The Backyard Quarry, Part 6: Scaling the Quarry

So far, the Backyard Quarry system has worked well.

We have:

  • a schema
  • a capture process
  • stored assets
  • searchable data
  • digital twins

For a small dataset, everything feels manageable.

A few rocks here and there.

A handful of records.

It’s easy to reason about the system.

When the Dataset Grows

The moment the dataset starts to grow, the assumptions change.

Instead of a few rocks, imagine:

  • hundreds
  • thousands
  • eventually, many thousands

At that point, a few new questions appear:

  • How do we process incoming data efficiently?
  • Where do we store large assets?
  • How do we keep queries fast?
  • What happens when processing takes longer than capture?

These are the same questions that show up in any system dealing with real-world data.

The Pipeline Becomes the System

At small scale, the pipeline is implicit.

You take a photo.

You upload it.

You update a record.

At larger scale, that approach breaks down.

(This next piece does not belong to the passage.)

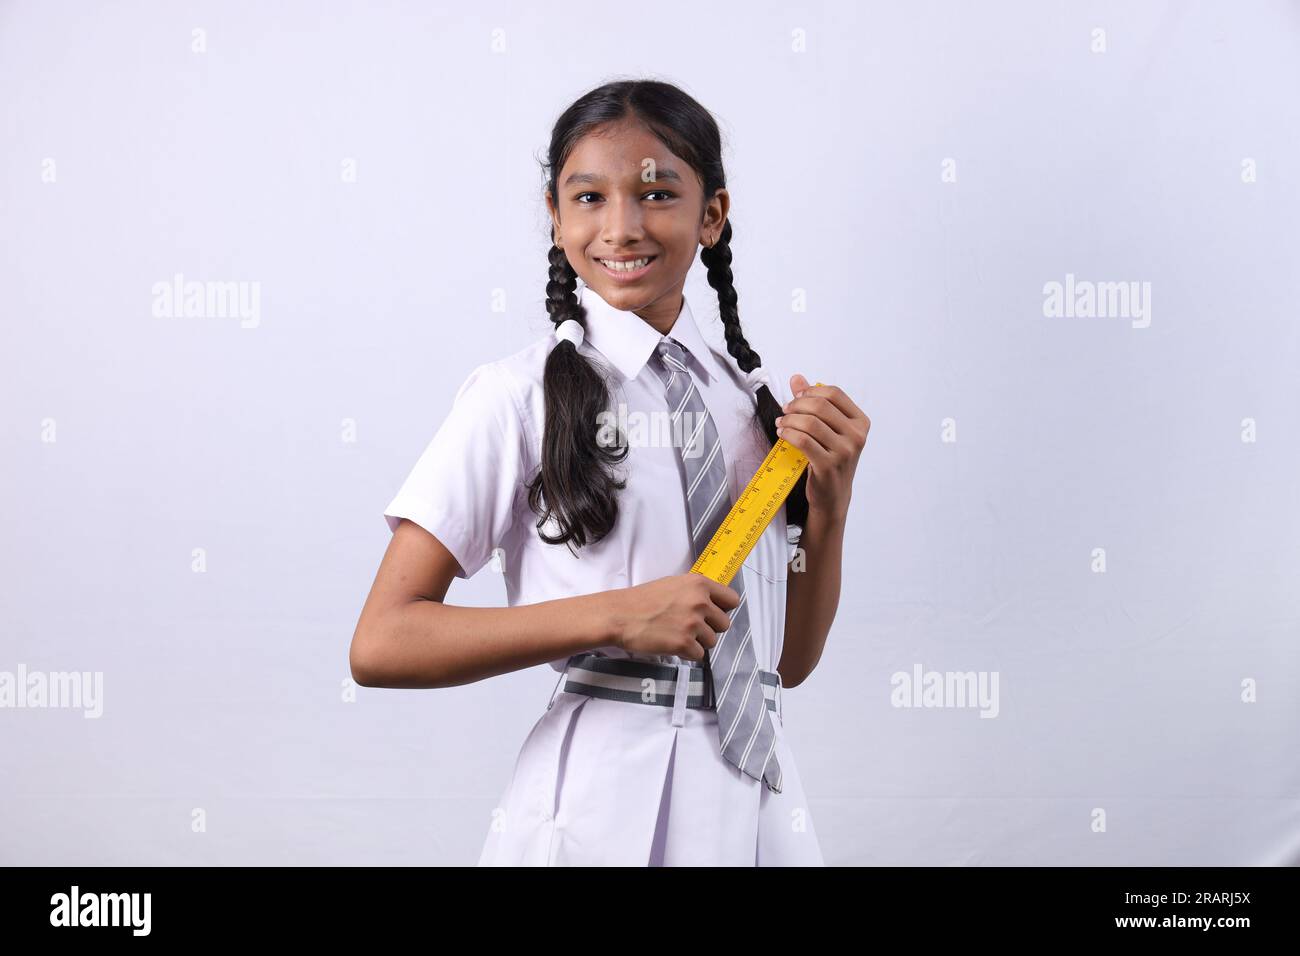 Ein indisches Landstadtmädchen, das ein Bildungskonzept macht und sich darauf vorbereitet, in Zukunft erfolgreich zu werden. Das Mädchen, das eine Waage als Klassenmonitor hält. Stockfoto

The pipeline becomes explicit.

Diagram showing a scalable data pipeline for physical objects including capture, ingestion queue, processing workings, storage, and indexing.
At scale, simple data flows evolve into multi-stage pipelines with decoupled processing and storage.

Each stage now has a role:

  • capture generates raw input
  • ingestion buffers incoming data
  • processing transforms it
  • storage persists it
  • indexing makes it usable

What used to be a simple flow becomes a system of components.

Decoupling the System

One of the first things that happens at scale is decoupling.

Instead of doing everything at once, we separate concerns:

  • capture does not block processing
  • processing does not block storage
  • storage does not block indexing

This introduces queues and asynchronous work.

Instead of:

take photo → process → store → done

we now have:

take photo → enqueue → process later → update system

This improves resilience.

It also introduces complexity.

Storage Starts to Matter

At small scale, storage decisions are easy.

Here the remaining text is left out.